Rollin' 60's Gangster

Ché Avery

"just senseless, senseless, brother"

The grizzly realness of street violence is one of the defining features John Singleton’s classic film Boyz in the Hood. It is a coming of age story depicting black youths trying to navigate life in inner city gangland. It is one of the defining films which captures gang life in 90’s Los Angeles. Even today the film serves as a harrowing reminder of how gang criminality and violence can suddenly and cruelly sweep up even the most promising youth and destroy lives. Yet even after viewing the film, few could imagine how closely life would imitate art for two young men, the Avery brothers Ché and Lloyd II, both of who worked on the film.
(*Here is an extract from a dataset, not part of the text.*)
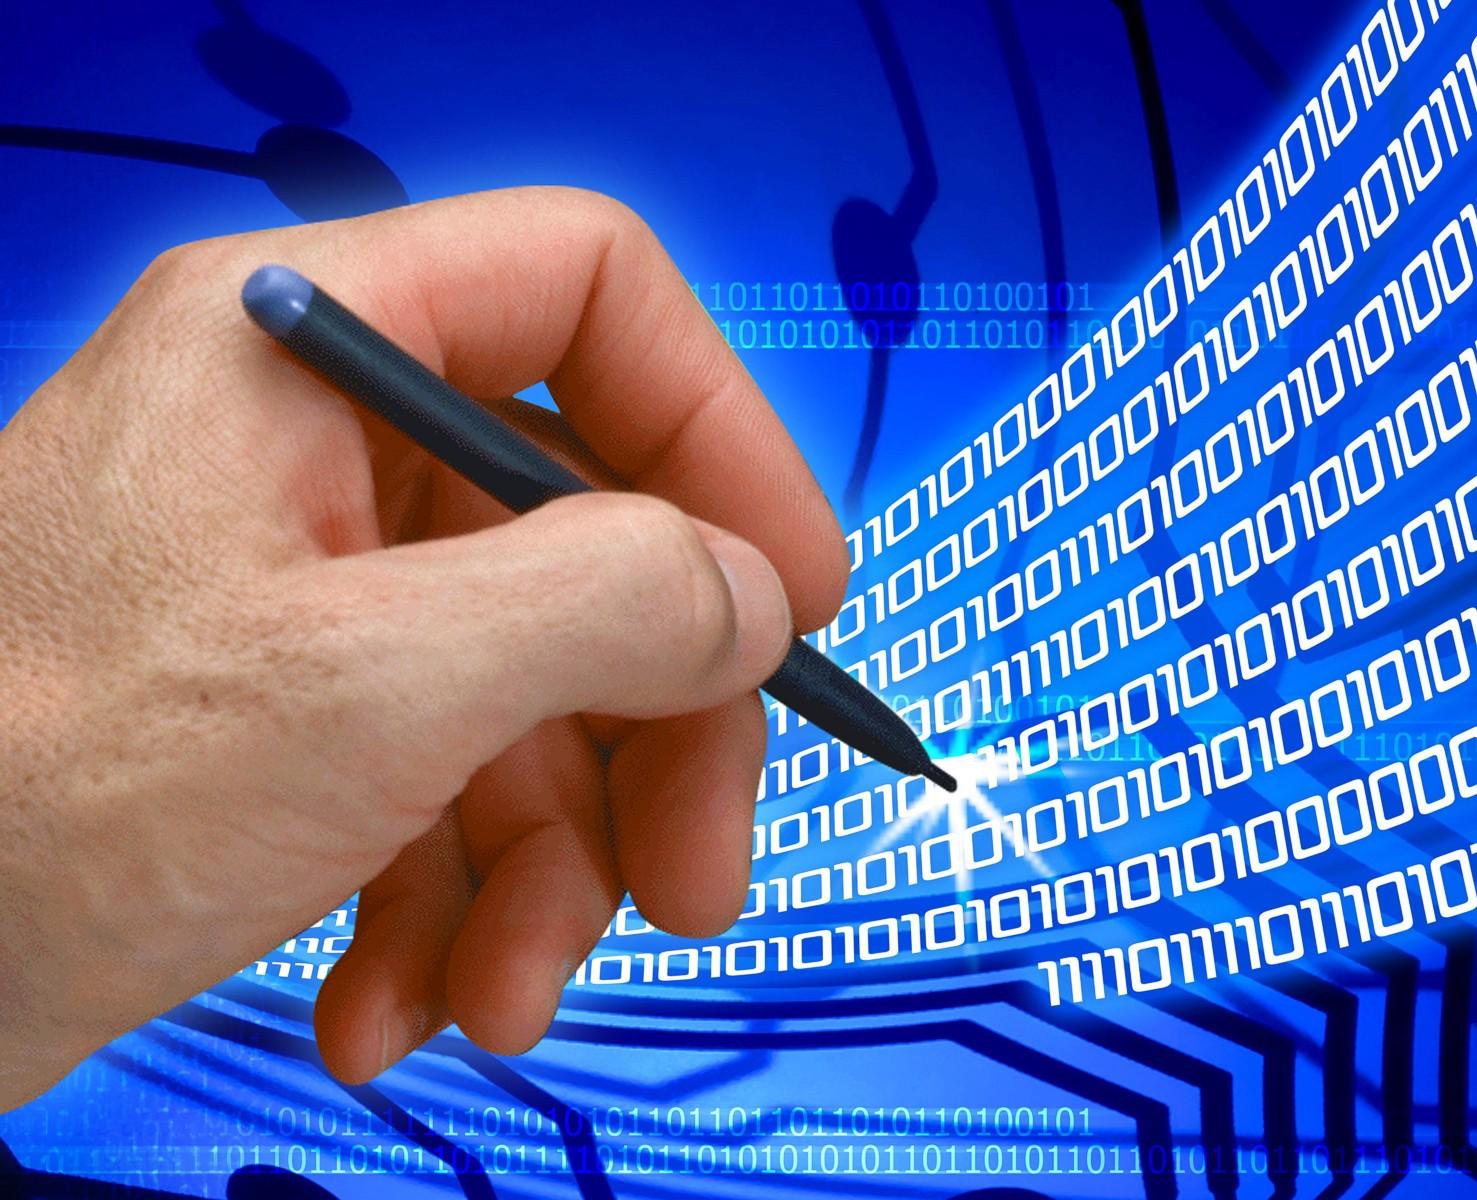 Электронная цифровая подпись: Просто и наглядно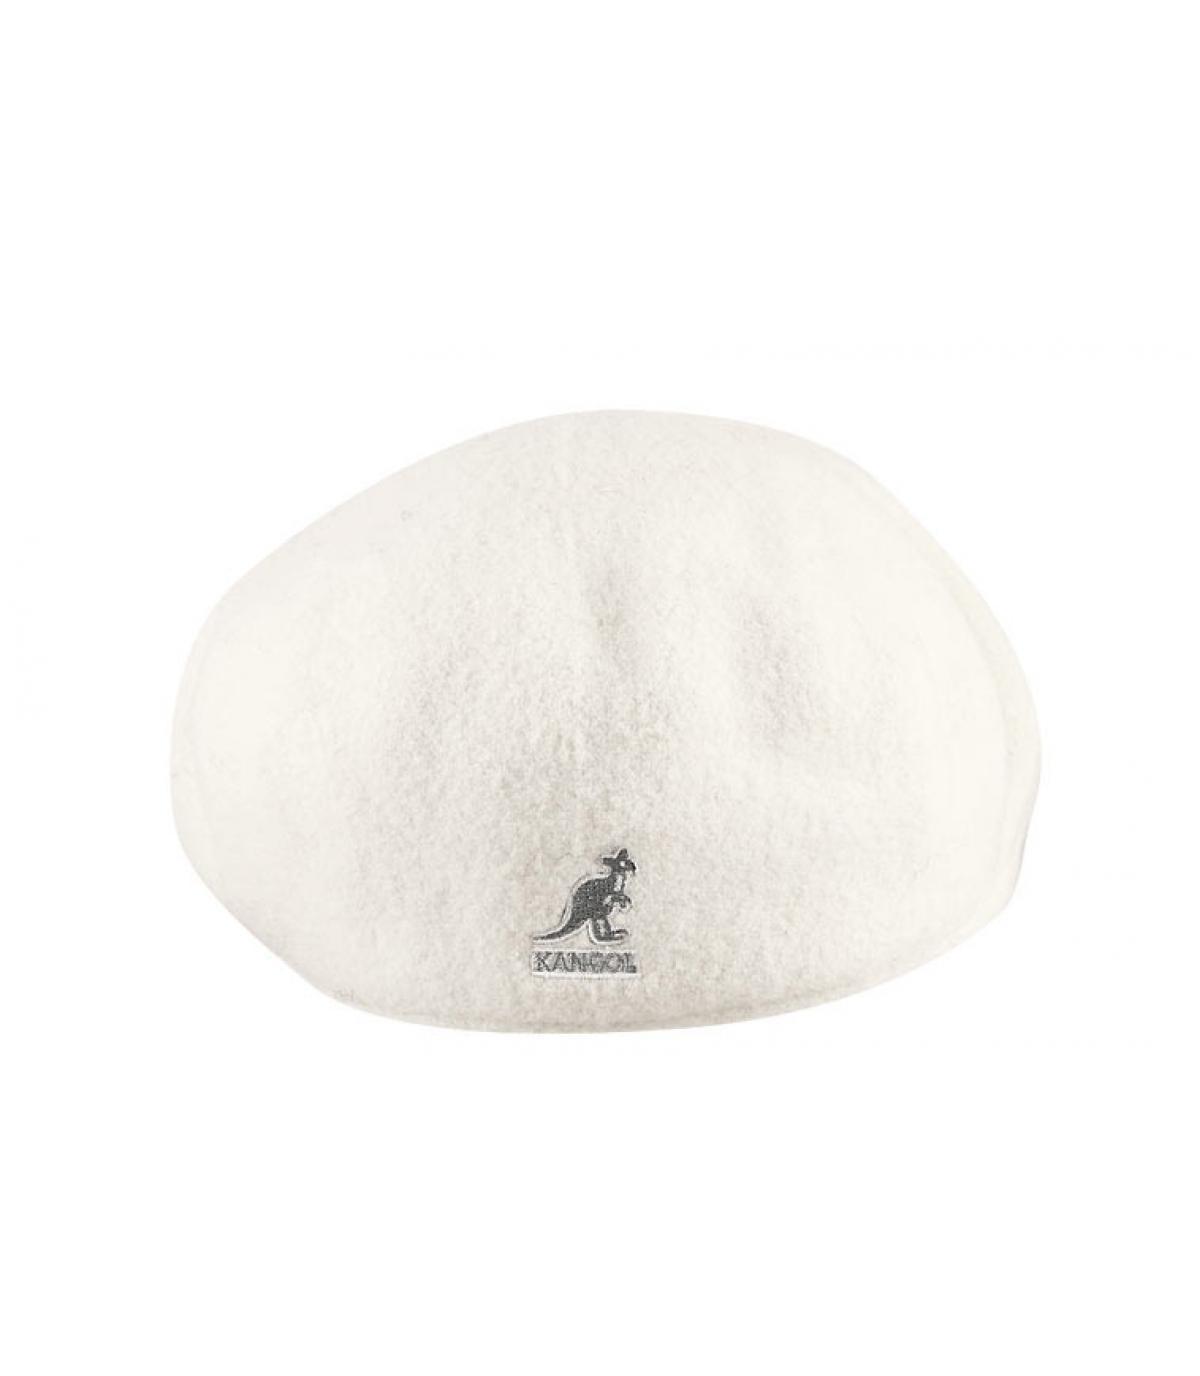 Détails 504 wool blanc - image 4

The eldest of the two Avery brothers was Ché Avery, his early life would draw eerie parallels to the protagonist of Boyz in the Hood, Tre Styles. Similar to the film’s depiction of Tre Styles, Ché Avery was a model student with a bright future and seemingly limitless potential. Yet despite his family’s best efforts to protect him from street life, Ché would willingly take a dark turn towards gang affiliation. He eventually found himself trapped in the world of gangland crime and mayhem. Ché’s embrace of the gangster lifestyle was brought on, in large part, by the company he surrounded himself with and the choices he willingly made.

The Avery Family

Born on October 7, 1971, in Los Angeles California, Ché Avery was raised by loving parents Lloyd Sr. and Linda Avery. Ché was the middle child of five siblings, his parents had struggled greatly to work themselves out of near poverty in their early lives. Ché’s father Lloyd Sr. had built himself his own repair business and his mother Linda fought her way through discriminatory hiring practices to become a senior accounting clerk at their local bank. The Avery’s focus was to have their children succeed and to provide better opportunities than they had growing up on the streets, free from the ballasts of street and gang influences.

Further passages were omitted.